An acting team leader in cabinet office hiring, she said she was “multi-tasking” Thursday when she hit the wrong button and copied Reid on an email she was sending to a job-search colleague.
“It wasn’t directed at Evon at all. That was internal … It didn’t have anything to do with any of the applicants,” said Siu, 26, and a recent U of T political science graduate.
She insisted the email didn’t refer to anyone “outside my circle of friends.”
Siu acknowledged the term is negative but said, “I don’t even know what nationality he is, right?” She added she’s of Asian descent and doesn’t want anyone to think she makes racially based judgments.
Reached on vacation in the Maritimes, Craig Sumi, manager of Siu’s department, last night referred to her as “an unclassified, part-time employee … low level.”
“I don’t know where you’re going with this,” he said.
However, he termed the email “totally inappropriate … a complete error in judgment” and said he’d left a message of apology late yesterday on Reid’s voice mail.
According to Siu, Reid is still a candidate for the position he sees as “a dream job for any political science student/political junkie such as myself.”
He had been instantly intrigued by the job posting on the U of T website as a foot in the door at Queen’s Park.
“A very challenging and interesting position which is a critical part of day-to-day media monitoring and analysis for the Government of Ontario,” said the posting.
The work would be “for use by senior levels of government … (applicant must) write high-level summaries of important issues and events … (working in) the most technologically advanced and comprehensive media operation in Canada.”
Reid thought he’d be a good candidate. His resumé appears stellar:
A summer course in international management strategies at the University of Hong Kong; one credit short of an honours degree in political science at U of T; completed project on paradigm shifts in United States foreign policy; working on another to evaluate the effects of electoral reform on public policy.

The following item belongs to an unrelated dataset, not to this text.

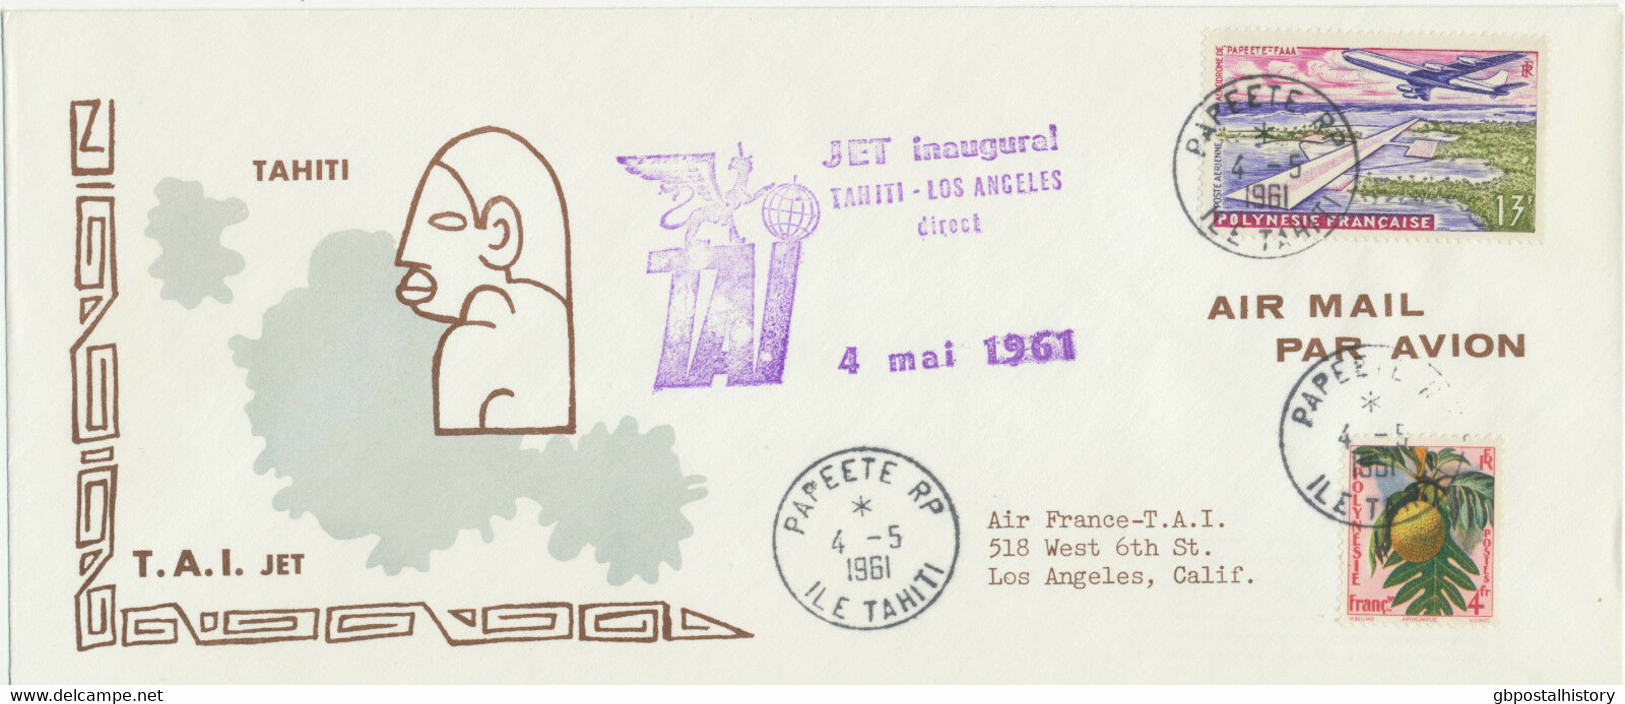 FRENCH POLYNESIA 1961 FF PAPEETE Tahiti, FRENCH POLYNESIA – LOS ANGELES USA - Cartas & Documentos

Extensive job experience; Get Reel Festival organizer; founder of Canadian International Peace project (at U of T’s Scarborough campus); participant in Forum for Young Canadians on Parliament Hill; etc., etc.
In a reference letter, an executive with White Oaks Conference Resort called Reid “truly a valuable asset to our company … a trustworthy, dependable young man that takes initiative in work that has to be done.”
Reid saw another reason for the email. “I’m from Malvern,” in Scarborough, he said. “The community I live in has one of the highest levels of youth unemployment in Canada. I’d hate to think that this (memo) accounts for that.”